Other example is Stanford’s algorithm, which can diagnose lung condition based on X-ray pictures.
2017 innovations will be enhanced in 2018
The ultimate goal for deep learning is to make our lives easier and our work more effective. Therefore, the use of AI is no longer a standard, but a necessity for companies that want to be competitive on a global market.
It is not about the ability to personalize or improve the capabilities of a final product, but also about a range of other indirect product activities – such as the collection and analysis of data. Companies now have such a large amount of data to analyze that they do not keep up with processing.
This directly affects the decisions made by their employees, and consequently financial results. Companies that are specialized in collecting and analyzing data for various businesses will play an increasing role.

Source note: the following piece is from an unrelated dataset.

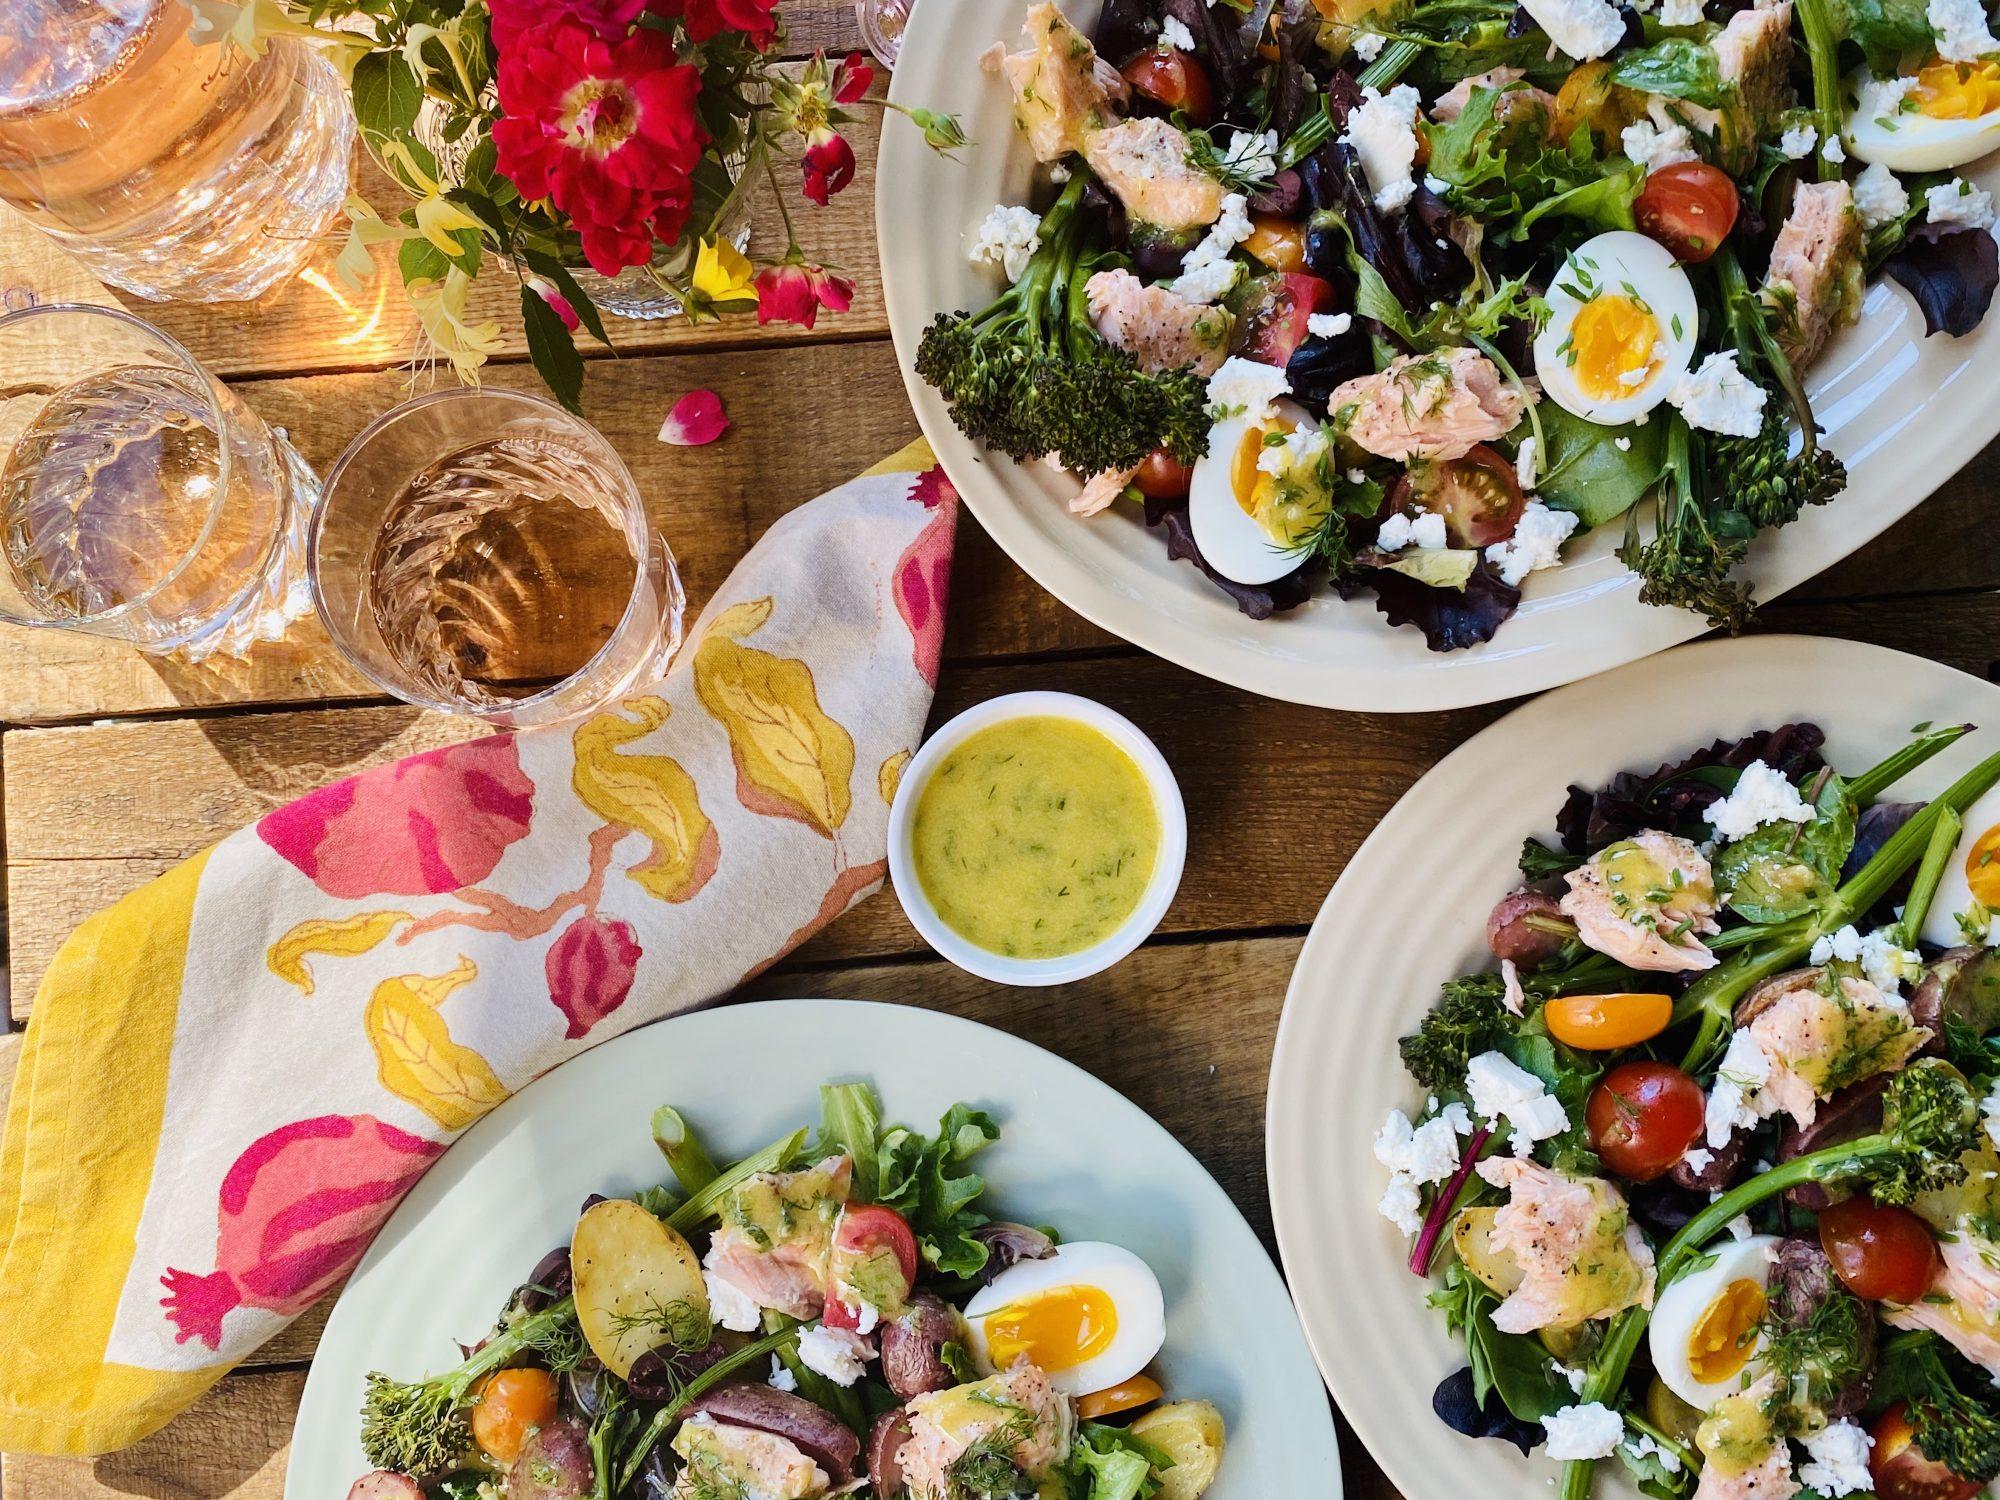 Sheet Pan Niçoise Salad

Companies with larger budgets will use AI in turn to suggest what to offer customers, recommend terms to give suppliers, and instruct employees on what to say and do – in real time.
It must also be assumed that many new startups will arise soon, offering solutions based on self-learning algorithms, as this technology is going to spread.
AI had already become a part of our lives in 2017 while the coming years will focus on developing AI-based technologies that will replace humans in many difficult tasks, ultimately making our lives a lot easier.
But there is still a lot of work ahead of us.